SPACE WIRE
Israeli telecoms satellite set for blast-off from Kazakhstan
BAIKONUR, Kazakhstan (AFP) Dec 27, 2003
Russian technicians made final preparations Saturday for the launch of an Israeli telecommunications satellite in Kazakhstan.

The four-stage Soyuz-Fregat rocket carrying the AMOS-2 satellite is due to lift off from the Baiknour cosmodrome at 2:30 am Sunday (2130 GMT Saturday).

Built by Israeli Aircraft Industries and operated by the privately-owned Spacecom company, the 1,370 kilogramme satellite will take up position at a longitude of four degrees West and enhance telecommunications capacity for the Middle East, Europe and the East coast of the United States.

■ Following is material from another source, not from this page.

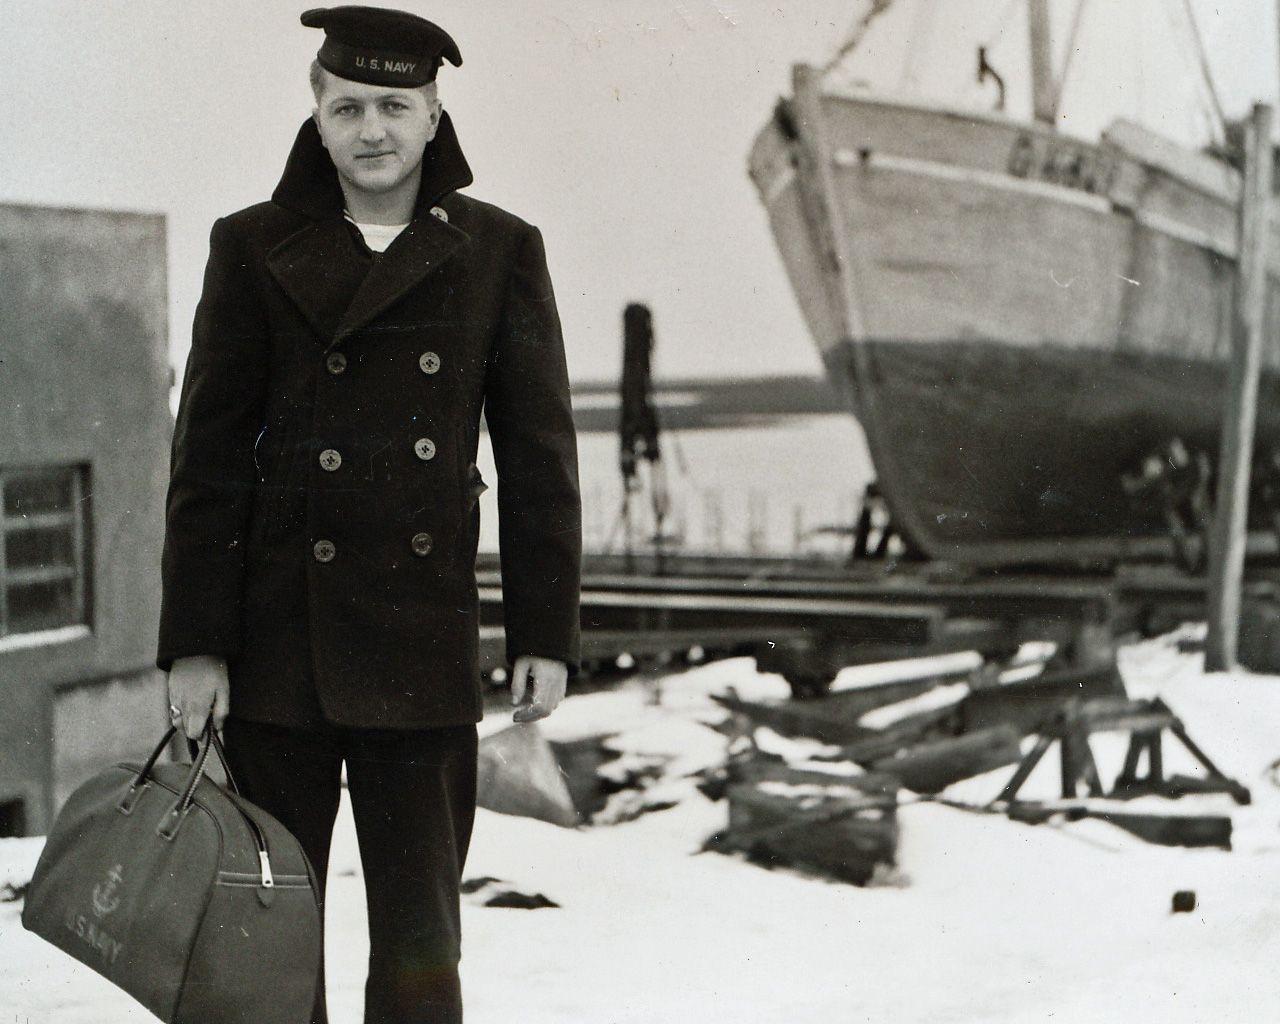 Pea coat mantel der us navy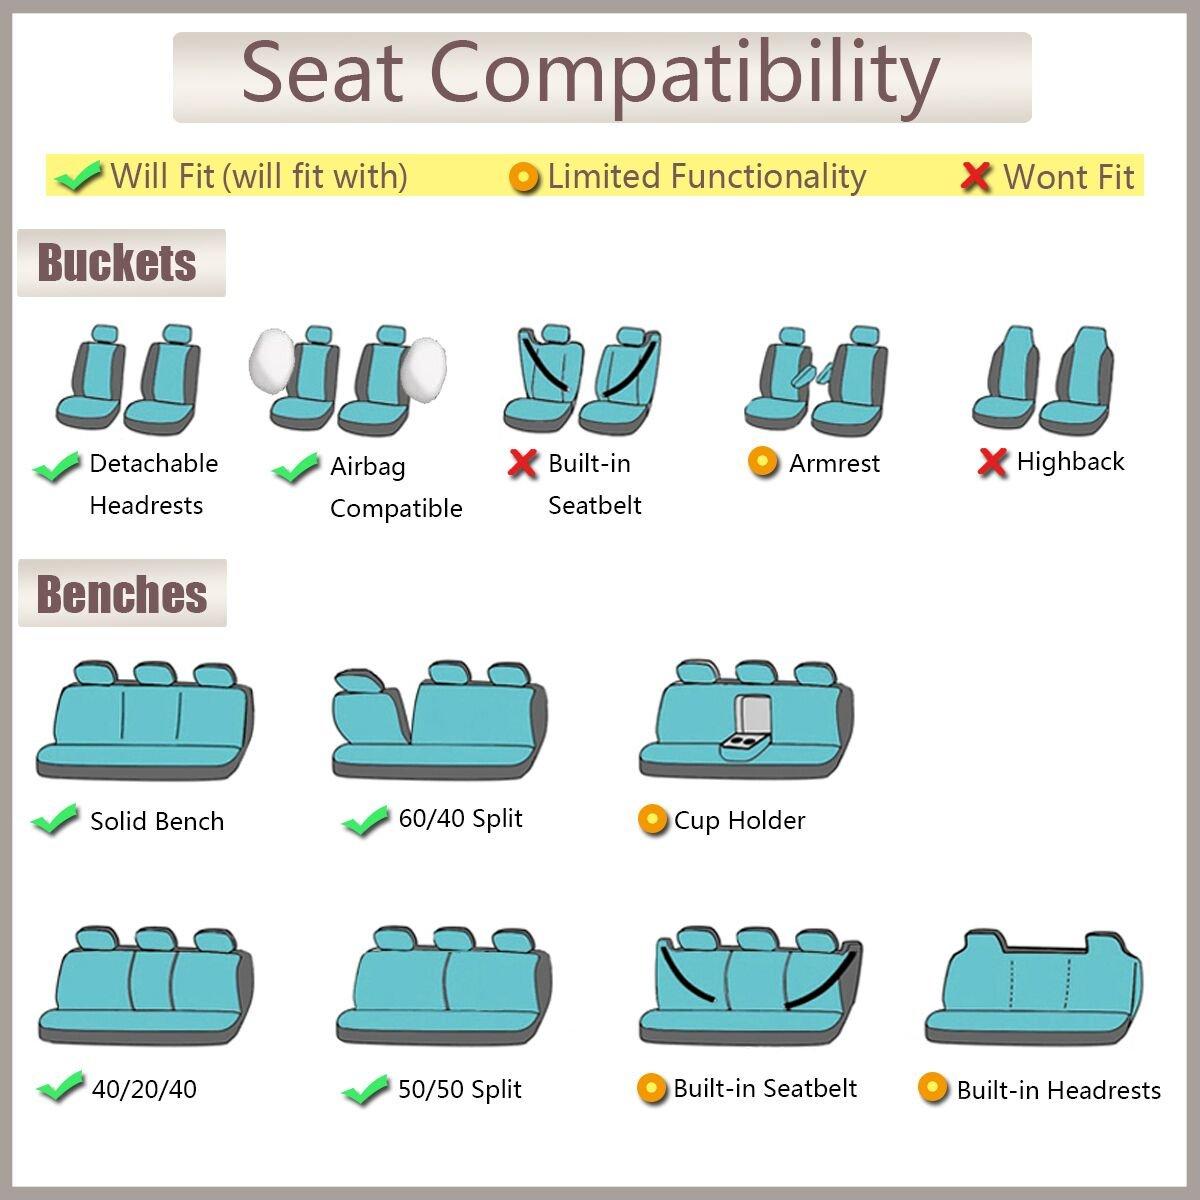 Ltd FB-104015-0303 Flying Banner 11 PCS Mesh and Jacquard Universal Full Set Car Seat Covers with Side Airbags Ningbo Qiyang International Trade Co 11 PCS , Beige Full Set

The Russian-European consortium Starsem had originally planned to use an Ariane rocket provided by Arianespace, which holds a 15 percent share of Starsem, but transferred to a Russian Soyuz for technical reasons.

Israel's first telecoms satellite, AMOS-1, was launched by Arianespace in 1996. Both AMOS satellites have a useful working life of around 12 years.

The AMOS-2 mission will be the 12th flight by Starsem which has marketed and operated Soyuz launches since 1996.

Soyuz rockets are due to start launching from France's Kourou space centre in French Guyana in 2006.

Baikonur, leased from Kazakhstan under a 1994 agreement, is Russia's principal space centre, used mainly for commercial and satellite launches and for sending manned rockets and supply vessels to the International Space Station.